Assigned task: Leaving out the pictures, please reproduce exactly and only the lines from the one that contains "Canto de la" through the last line below.

Information shown:
───

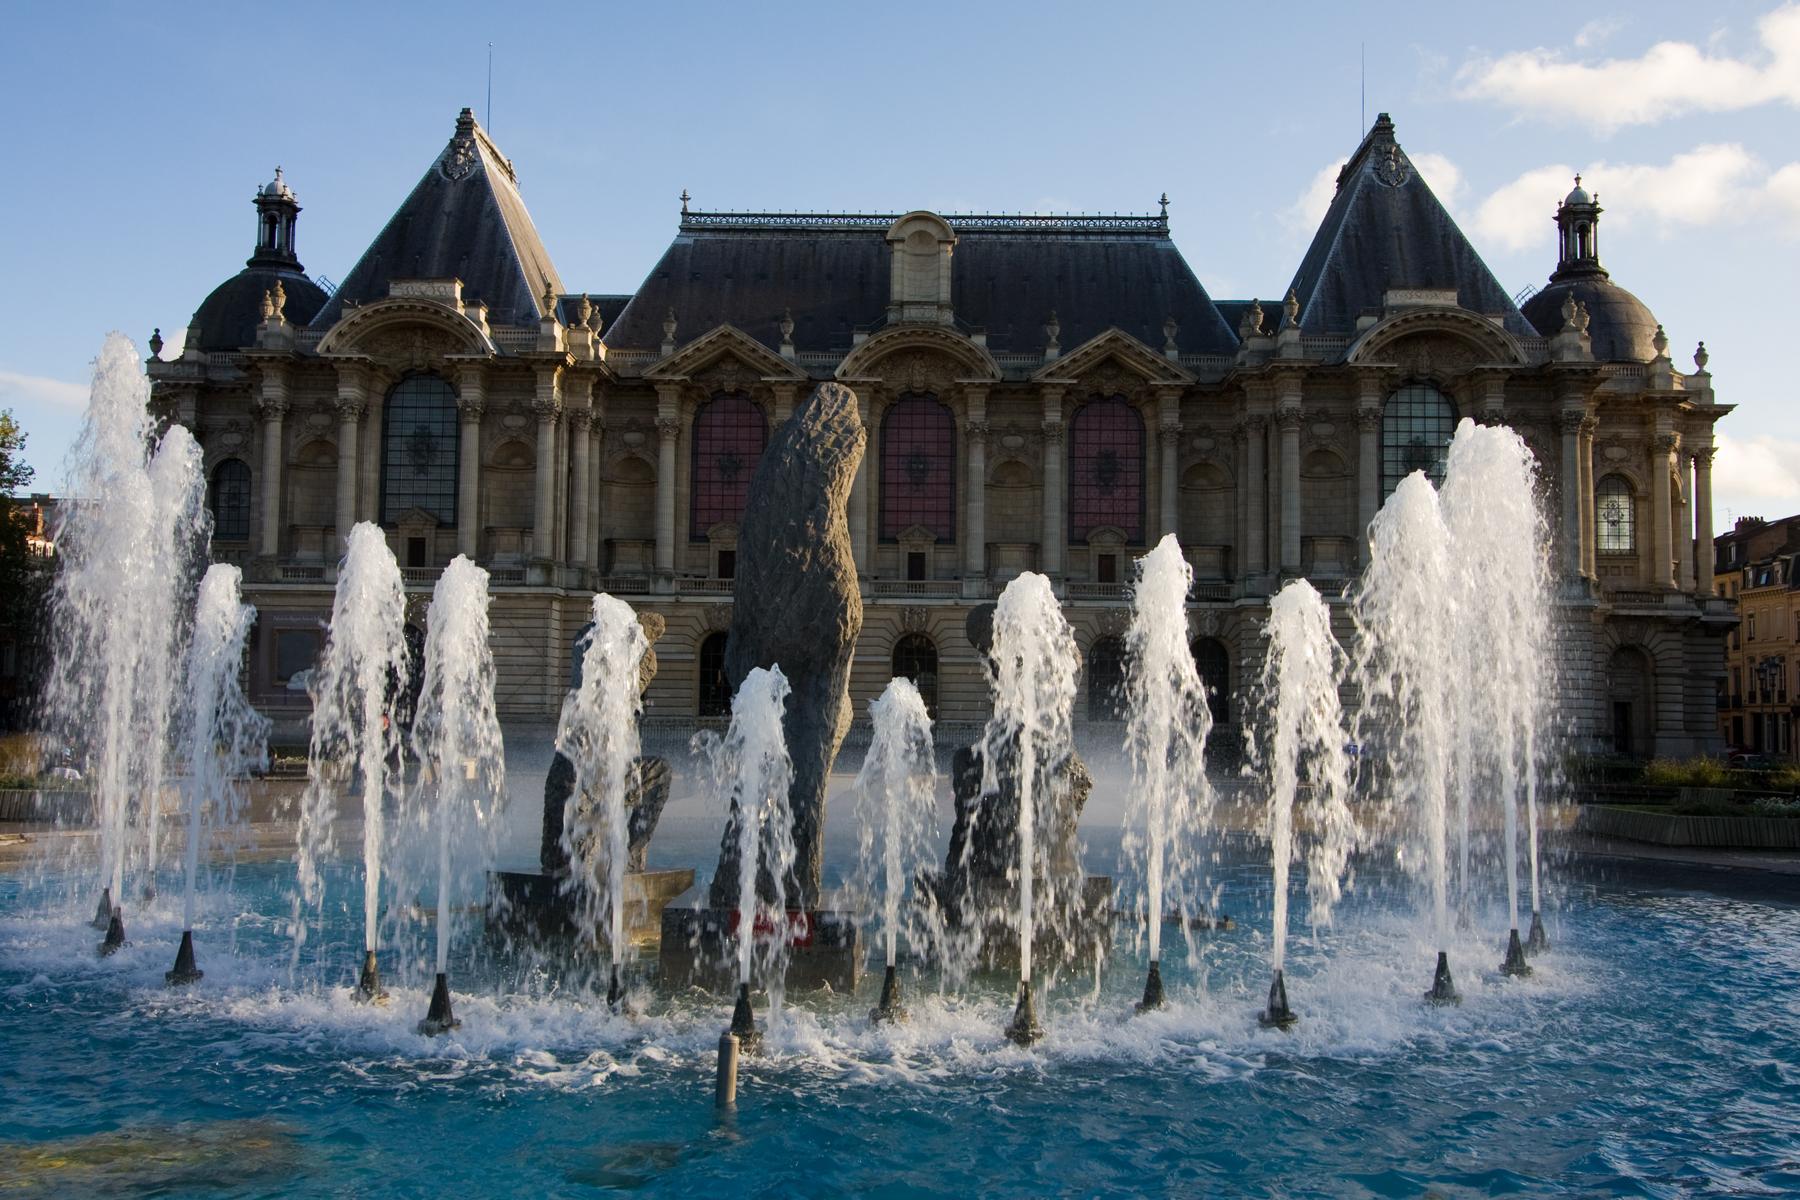 Palais des Beaux Arts in Lille
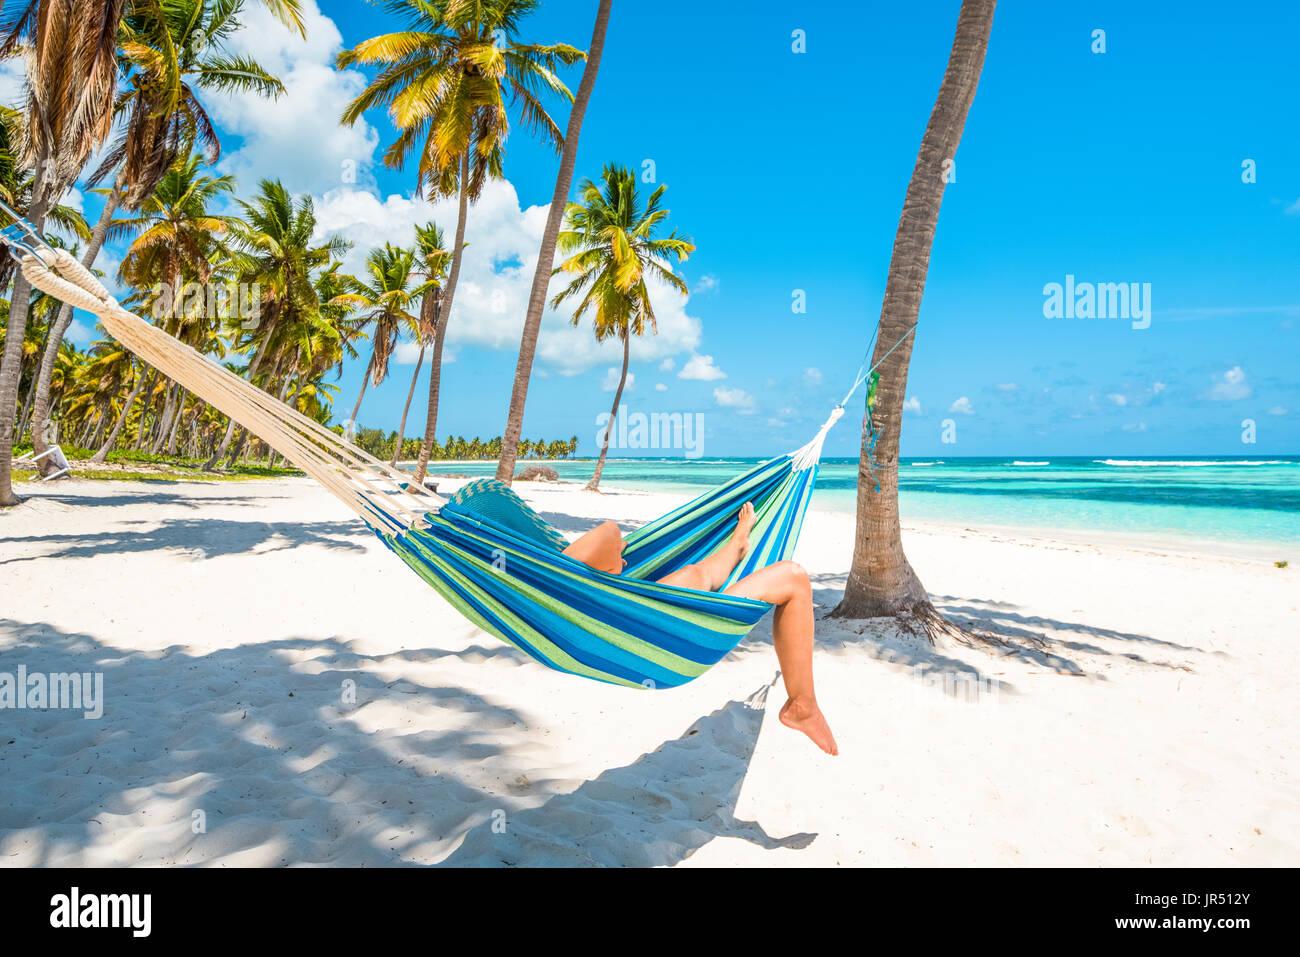 Canto de la playa, Isla Saona, East National Park (Parque Nacional del Este), en la República Dominicana, Mar Caribe. Mujer relajándose en una hamaca. Imagen De Stock
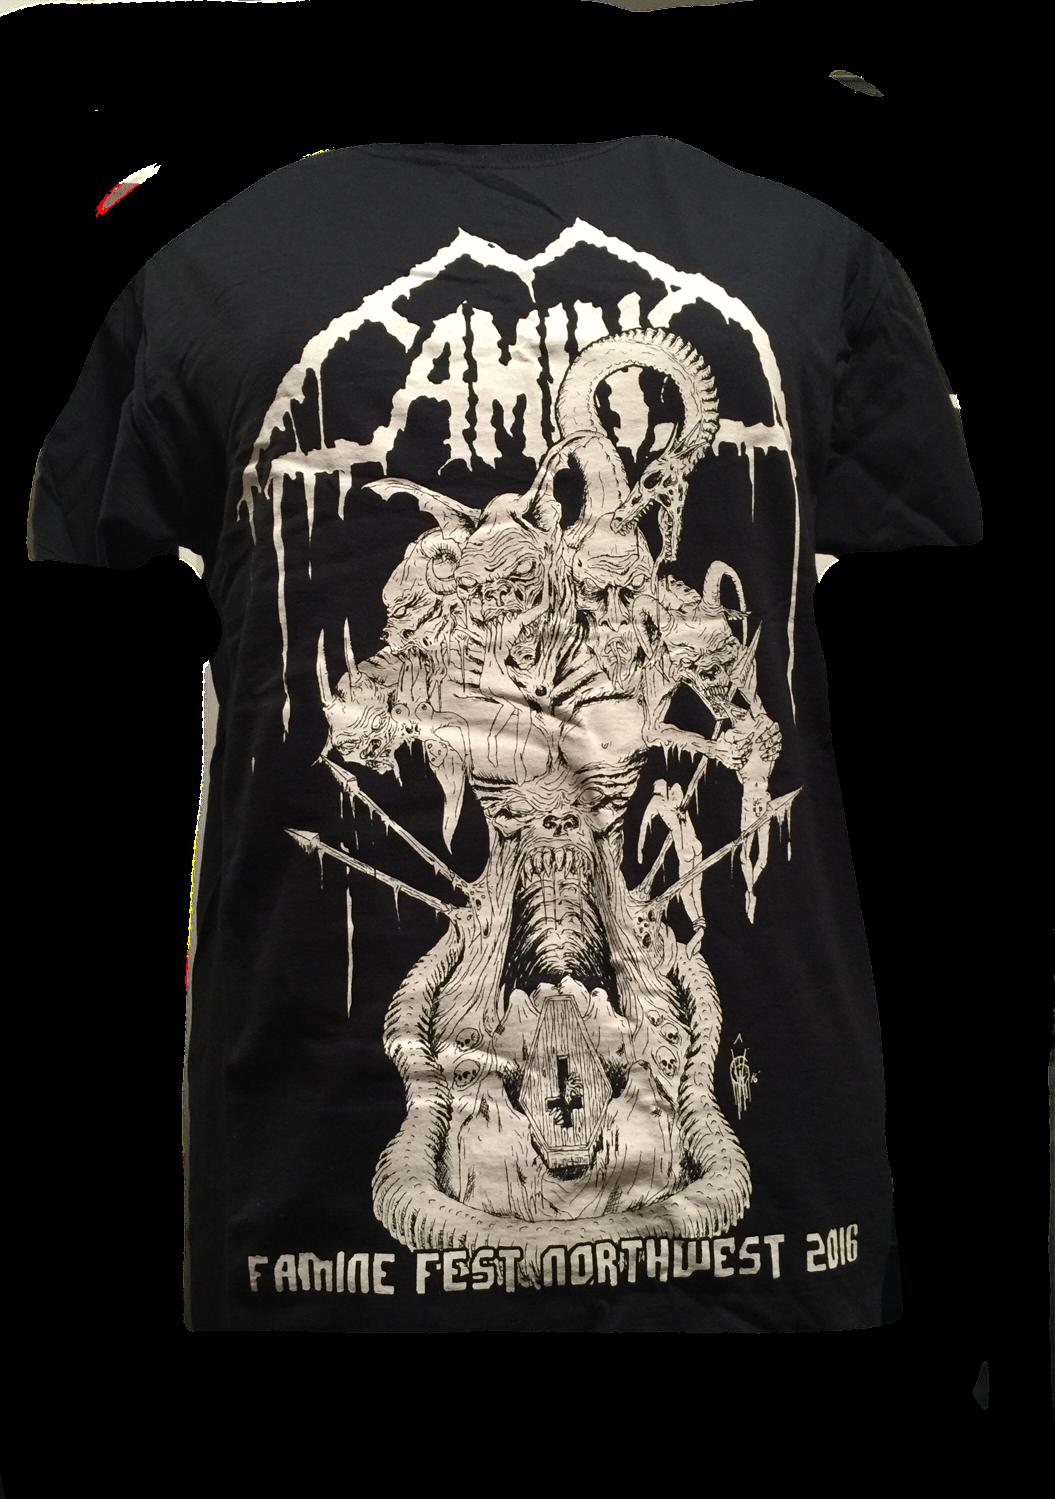 Famine Fest 2016 Shirt - Size Extra Large

───

Solution to this problem:
 Canto de la playa, Isla Saona, East National Park (Parque Nacional del Este), en la República Dominicana, Mar Caribe. Mujer relajándose en una hamaca. Imagen De Stock
 Famine Fest 2016 Shirt - Size Extra Large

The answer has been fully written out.